Yang Hongyu, Dong Rou, Guo Rong, Che Yonglin, Xie Xiaolong, Yang Jianke, Zhang Jiajin
College of Mechanical and Electrical Engineering, Yunnan Agricultural University, Kunming 650201, China.
Center for Sports Intelligence Innovation and Application, Yunnan Agricultural University, Kunming 650201, China.
Sensors (Basel). 2025 Mar 12;25(6):1746. doi: 10.3390/s25061746.
The demand for intelligent monitoring systems tailored to elderly living environments is rapidly increasing worldwide with population aging. Traditional acoustic scene monitoring systems that rely on cloud computing are limited by data transmission delays and privacy concerns. Hence, this study proposes an acoustic scene recognition system that integrates edge computing with deep learning to enable real-time monitoring of elderly individuals' daily activities. The system consists of low-power edge devices equipped with multiple microphones, portable wearable components, and compact power modules, ensuring its seamless integration into the daily lives of the elderly. We developed four deep learning models-convolutional neural network, long short-term memory, bidirectional long short-term memory, and deep neural network-and used model quantization techniques to reduce the computational complexity and memory usage, thereby optimizing them to meet edge device constraints. The CNN model demonstrated superior performance compared to the other models, achieving 98.5% accuracy, an inference time of 2.4 ms, and low memory requirements (25.63 KB allocated for Flash and 5.15 KB for RAM). This architecture provides an efficient, reliable, and user-friendly solution for real-time acoustic scene monitoring in elderly care.

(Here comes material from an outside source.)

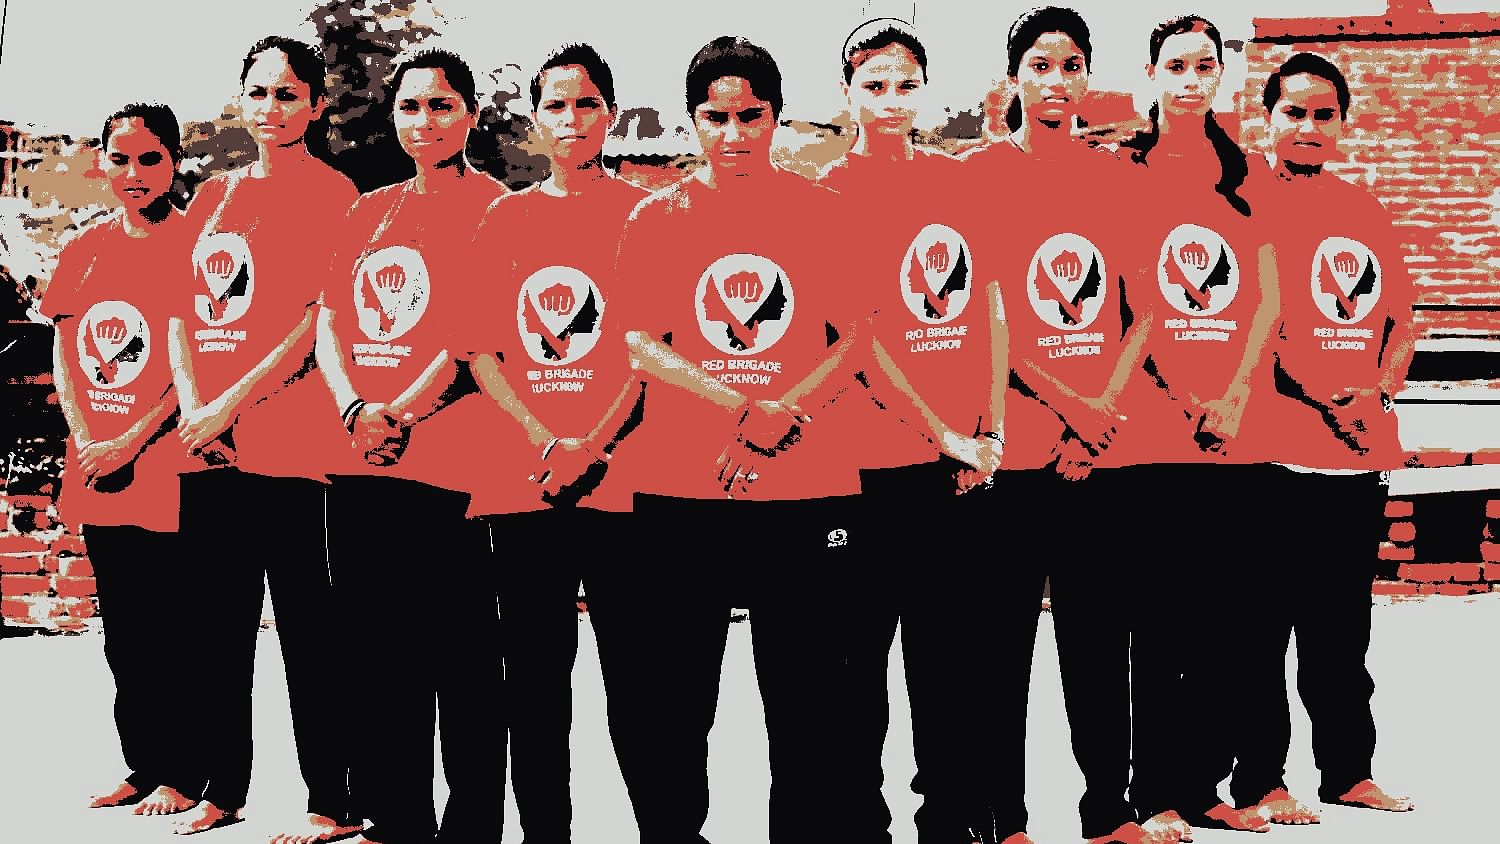 The Red Brigade. (Photo Treatment: The Quint)

随着全球人口老龄化,对适用于老年人居住环境的智能监测系统的需求正在迅速增长。传统的依赖云计算的声学场景监测系统受到数据传输延迟和隐私问题的限制。因此,本研究提出了一种将边缘计算与深度学习相结合的声学场景识别系统,以实现对老年人日常活动的实时监测。该系统由配备多个麦克风的低功耗边缘设备、便携式可穿戴组件和紧凑型电源模块组成,确保其无缝融入老年人的日常生活。我们开发了四种深度学习模型——卷积神经网络、长短期记忆网络、双向长短期记忆网络和深度神经网络——并使用模型量化技术来降低计算复杂度和内存使用,从而对它们进行优化以满足边缘设备的限制。与其他模型相比,卷积神经网络模型表现出卓越的性能,准确率达到98.5%,推理时间为2.4毫秒,内存需求较低(为闪存分配25.63千字节,为随机存取存储器分配5.15千字节)。这种架构为老年护理中的实时声学场景监测提供了一种高效、可靠且用户友好的解决方案。